[Problem description]
Whenever a picture appears in the listing below, leave it out, and copy exactly the lines from the one containing "Magnolia Pearl Tora Shirt - Herbert" through the end.

[Data provided]
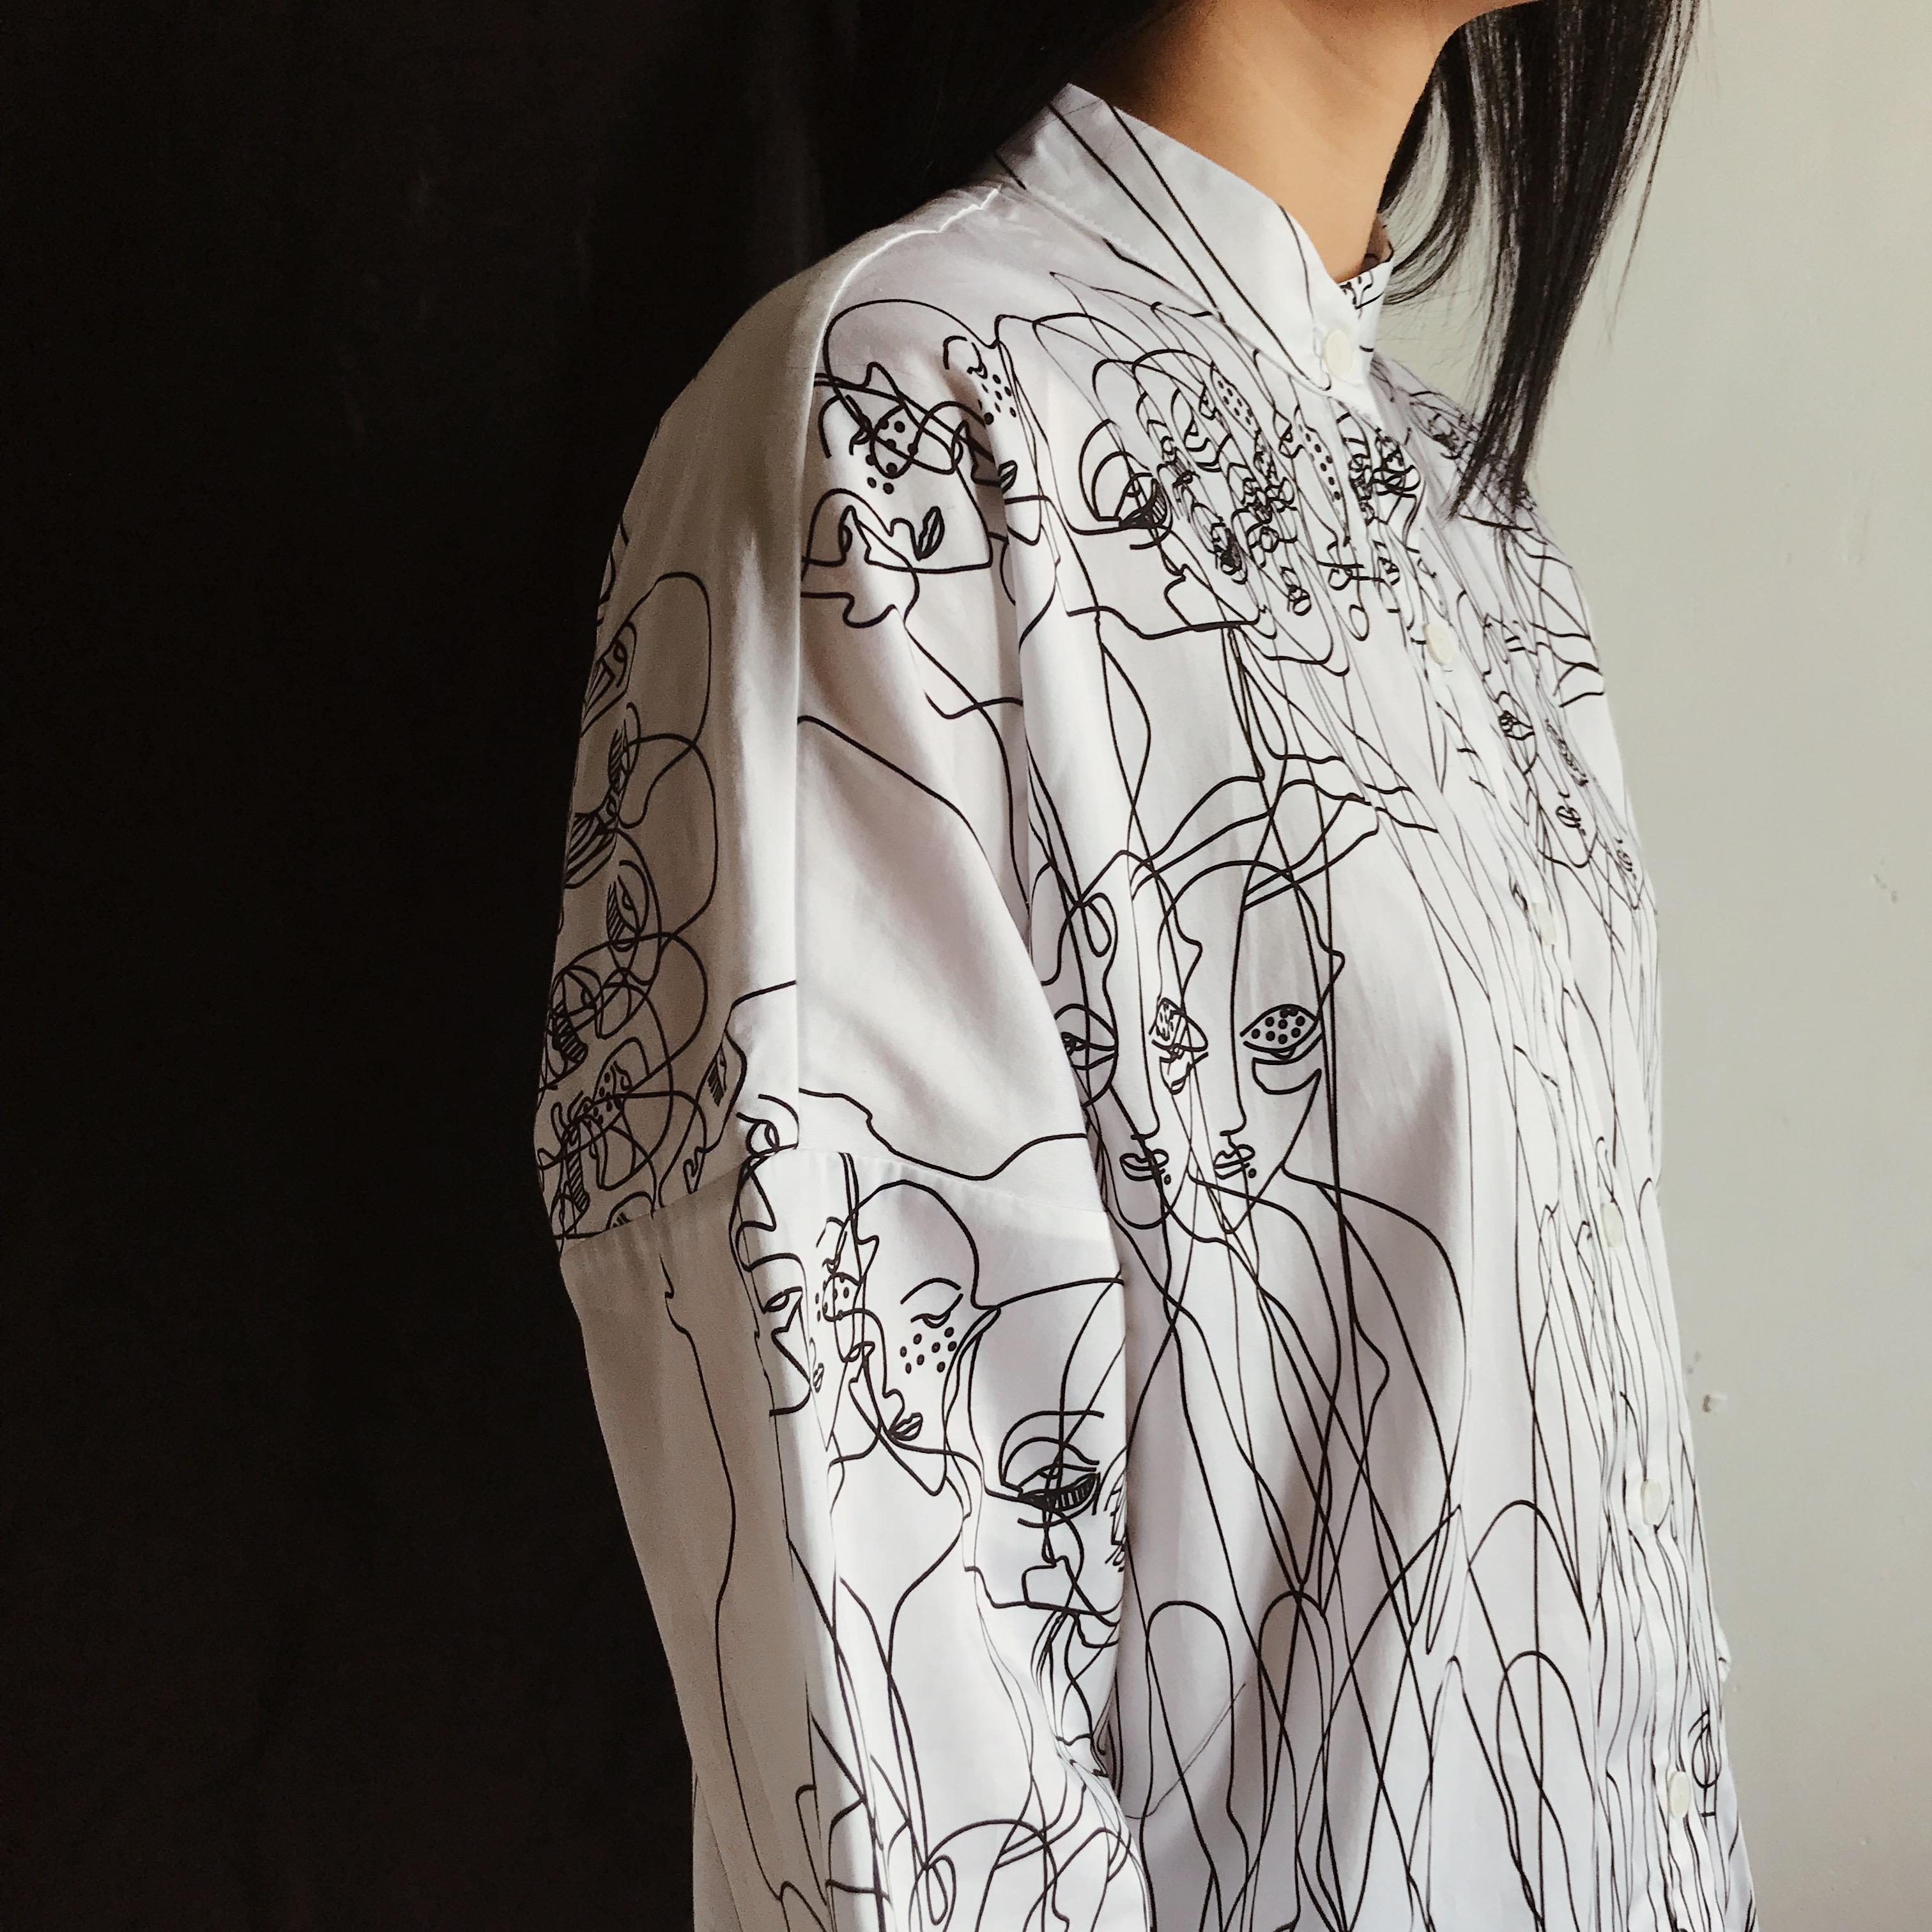 Біла сорочка з чорно-білим принтом Люди
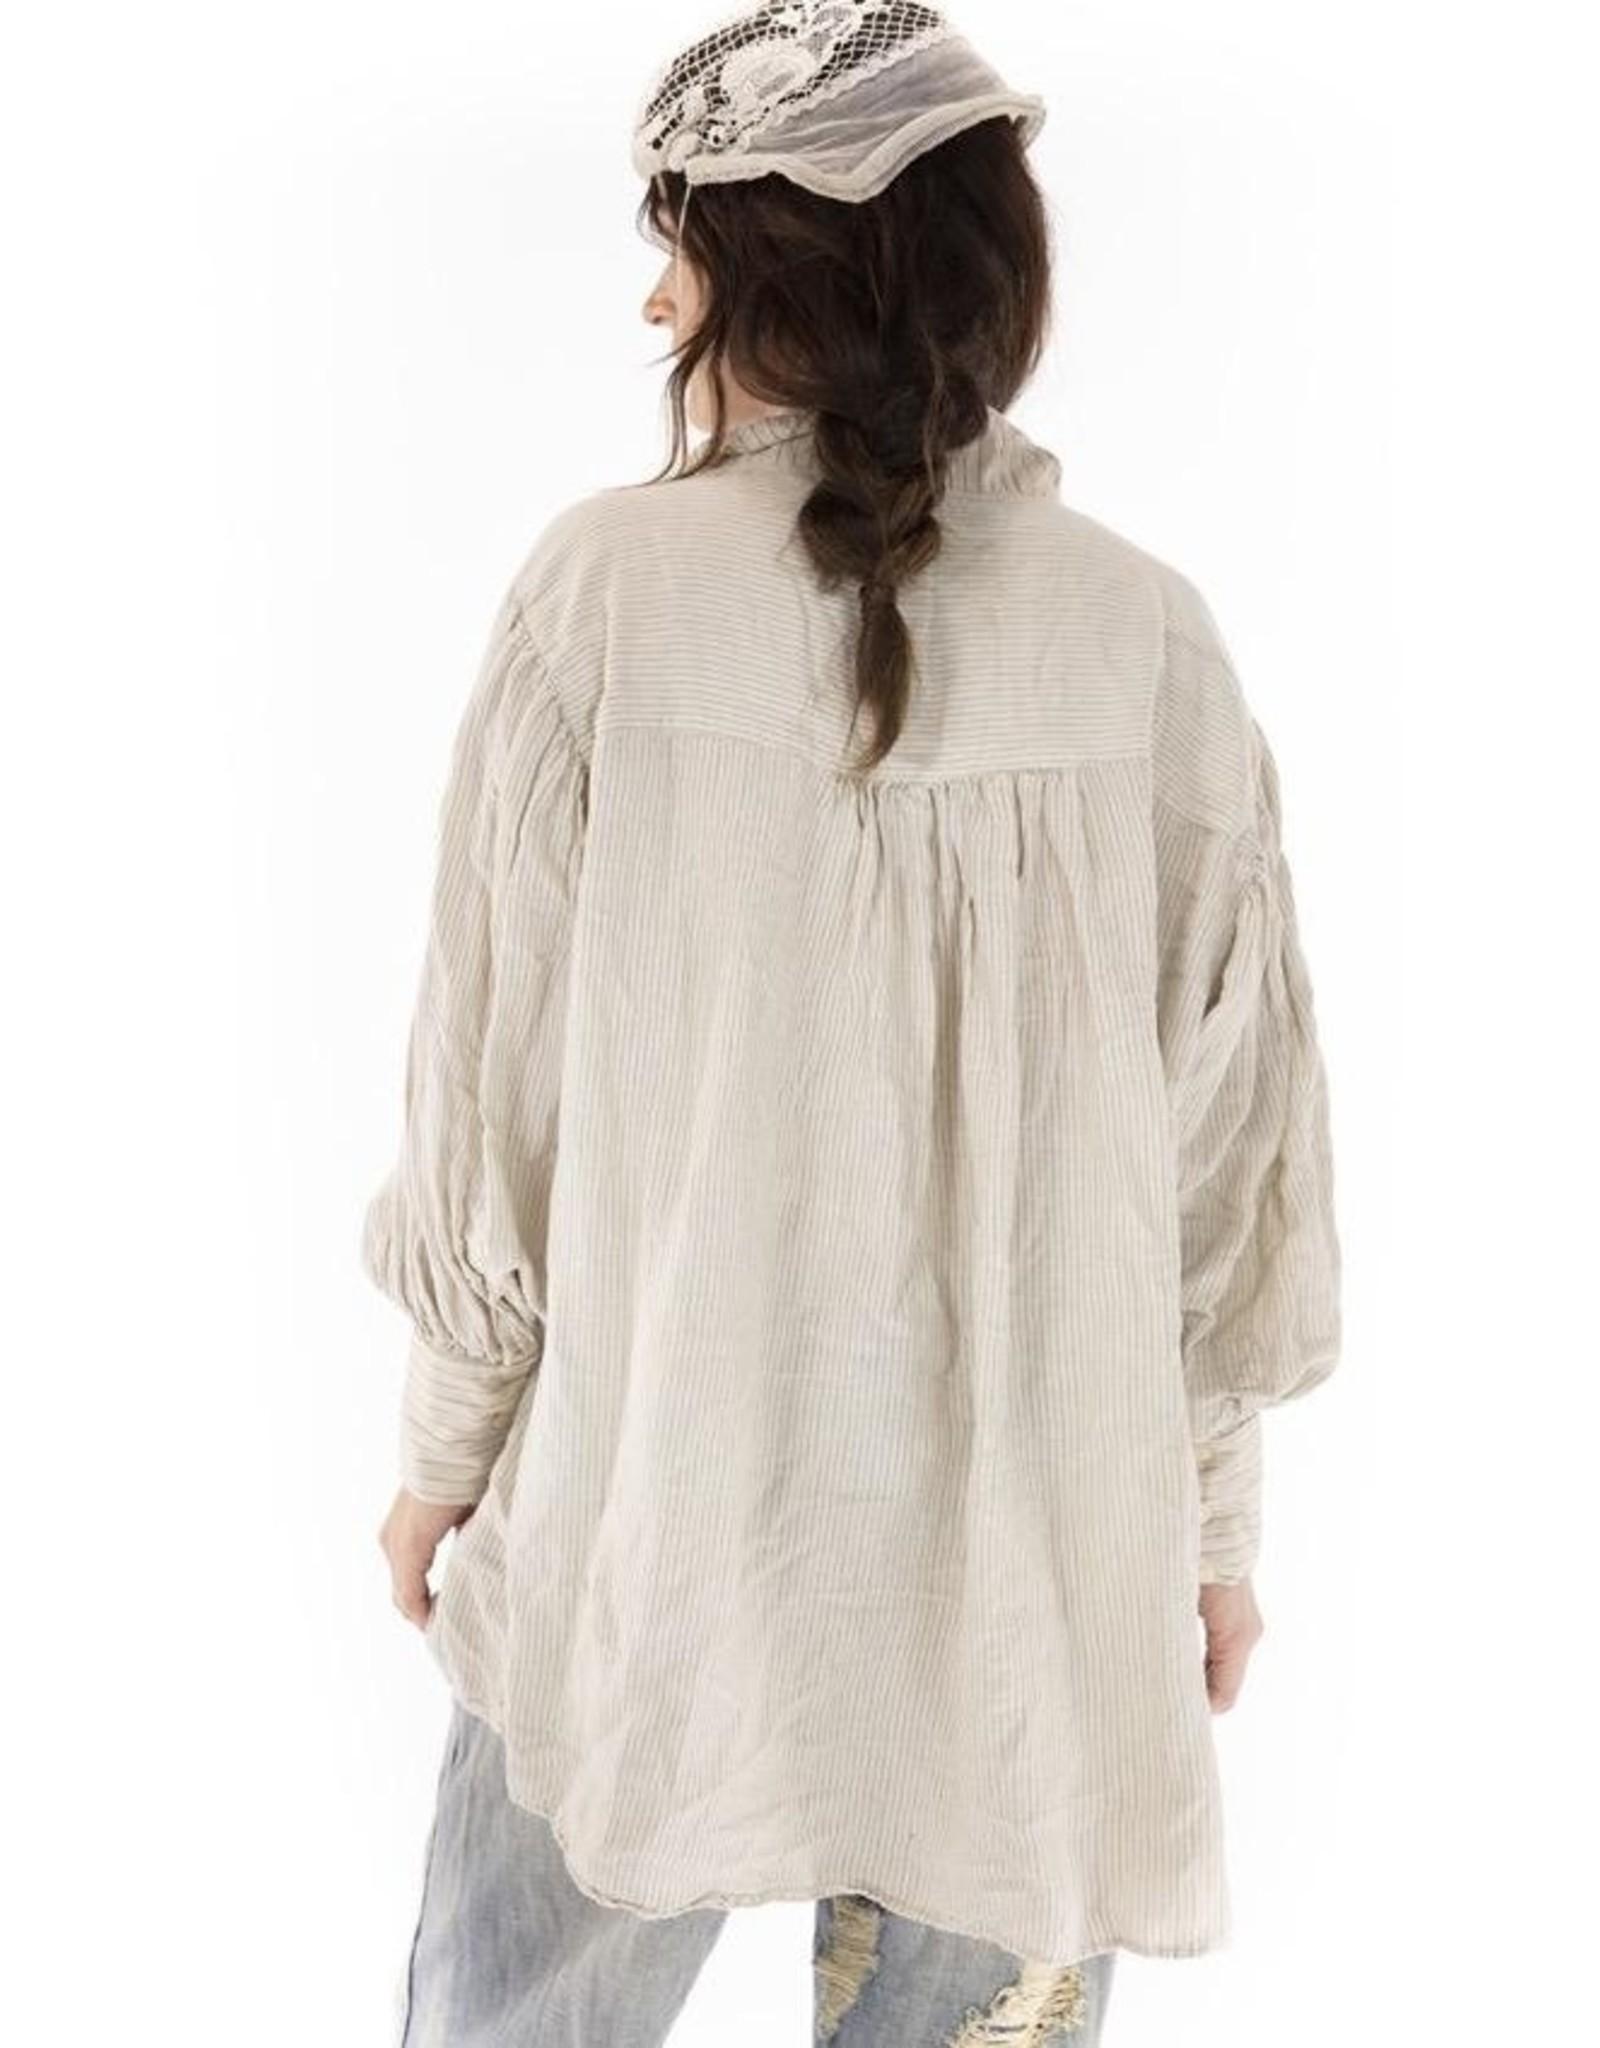 Magnolia Pearl Tora Shirt - Herbert
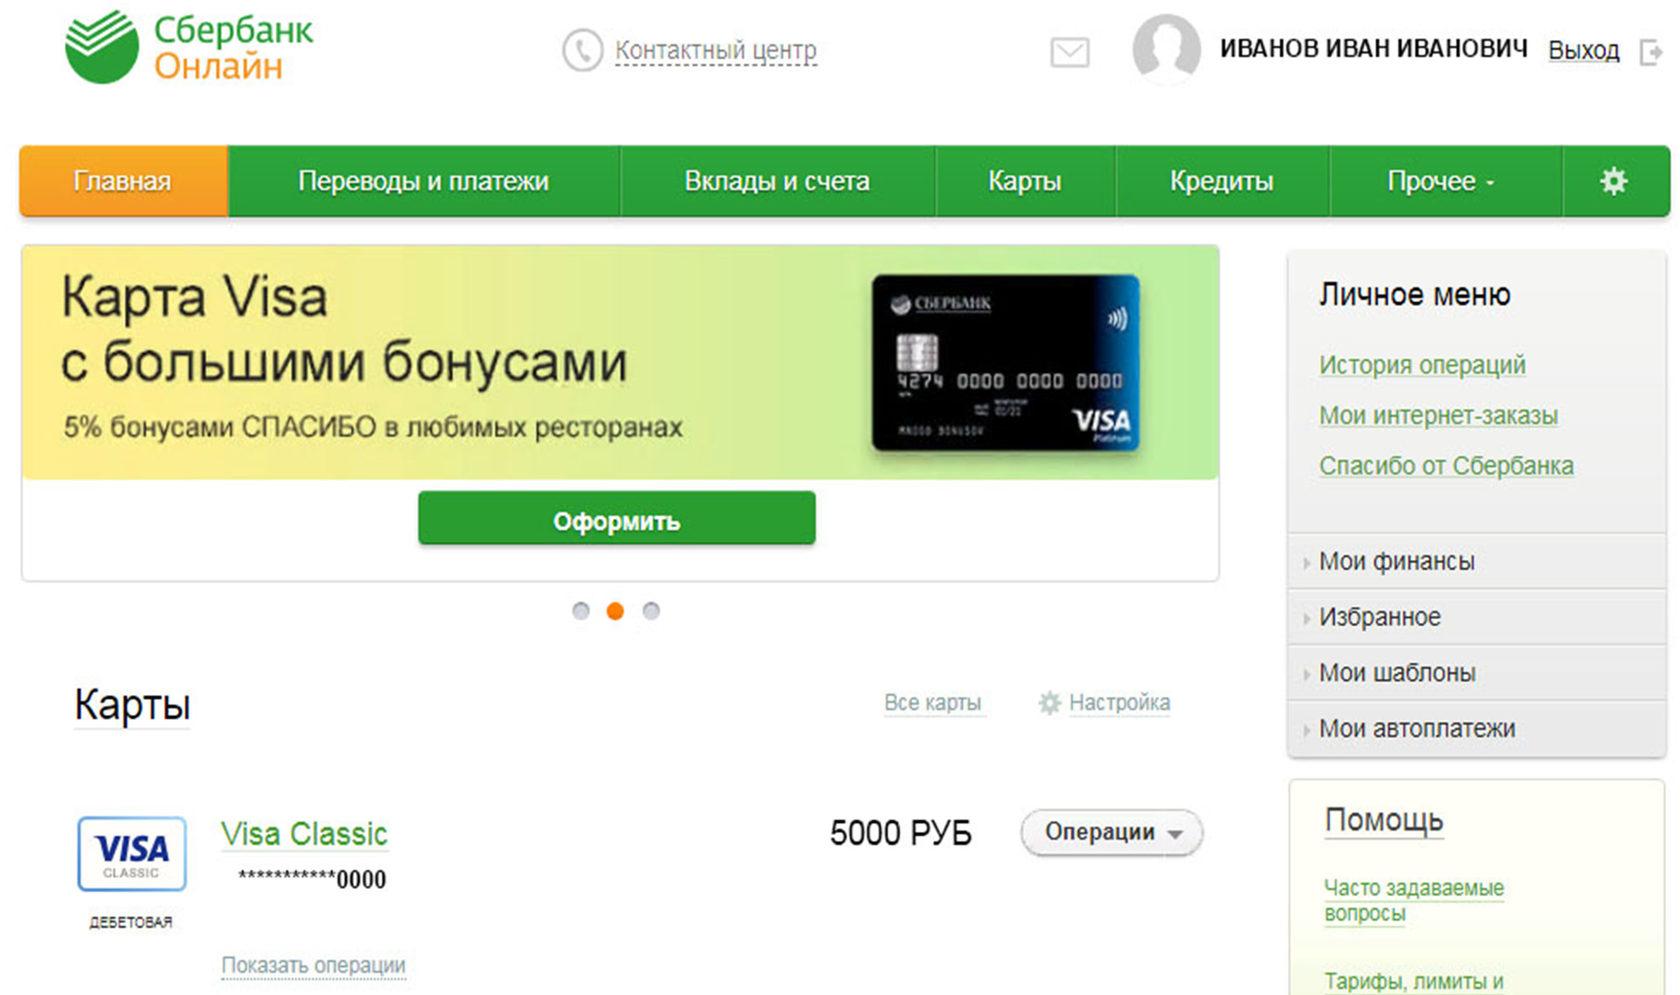 онлайн займ на банковский счет сбербанка
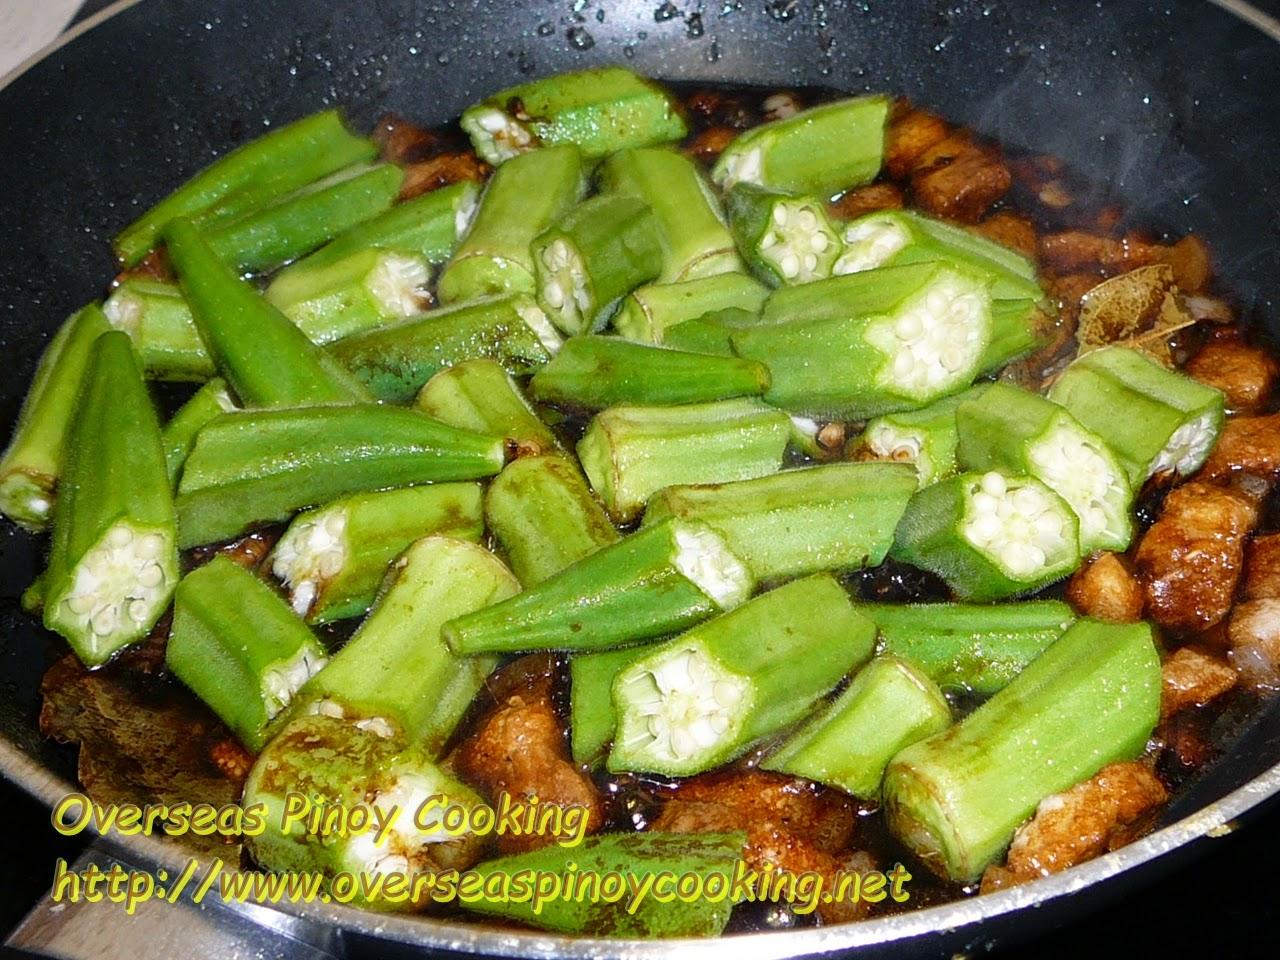 Adobong Okra - Cooking Procedure

[Solution]
 Magnolia Pearl Tora Shirt - Herbert
 онлайн займ на банковский счет сбербанка
 Adobong Okra - Cooking Procedure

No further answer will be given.